Security | Threat Detection | Cyberattacks | DevSecOps | Compliance

AI Agents are moving your sensitive data: Nightfall built a solution where DLP fails

Somewhere in your environment right now, an AI agent is reading files, querying a database, and passing output through a channel your DLP has never seen. It's running under a legitimate user credential, inside a sanctioned tool, and it will not trigger a single alert. When it's done, there will be no record of what it accessed or where that data went. This is not an edge case. It is the default state of most enterprise environments in 2026.

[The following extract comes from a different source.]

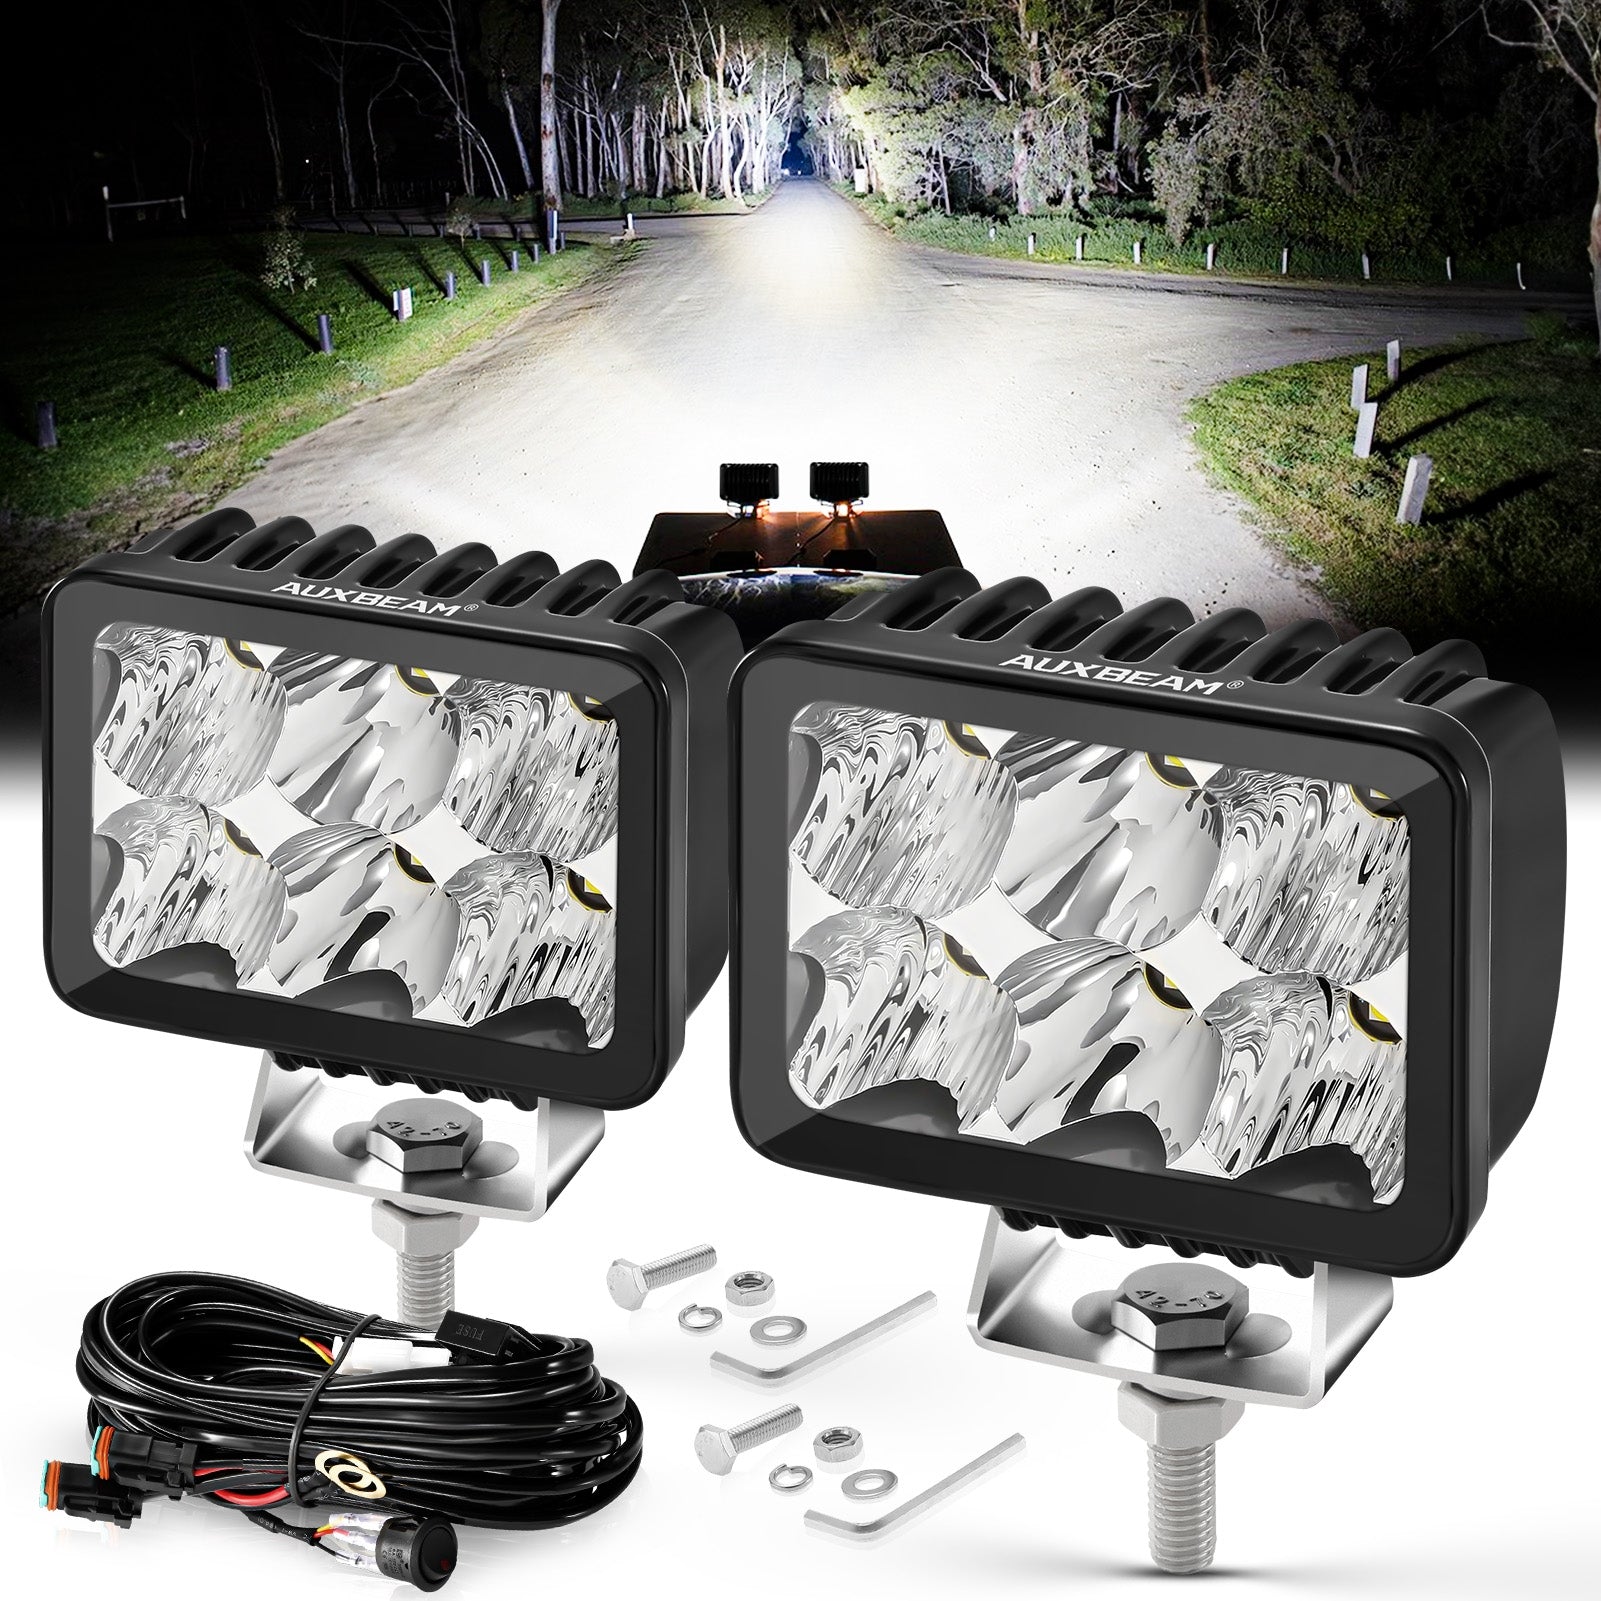 LED Light Pods for Off Road Pickup Trucks, UTV, ATV – Auxbeam Led

How Do AI Agents Create Data Exfiltration Risk?

AI agents create data exfiltration risk by combining three capabilities that are dangerous together: access to private data, exposure to untrusted content, and the ability to communicate externally. When all three exist in one agent, an attacker can hide instructions inside an email, document, or webpage the agent processes and trick it into sending sensitive data out. No software vulnerability is required. The attacker doesn't need to break in. They just need to talk to your agent.

After the Vercel Breach, Do You Know What Your AI Tools Can Access?

In April 2026, Vercel disclosed that attackers had accessed internal systems and customer credentials — not by breaking into Vercel directly, but by compromising a third-party AI tool one of its employees had connected to their corporate account.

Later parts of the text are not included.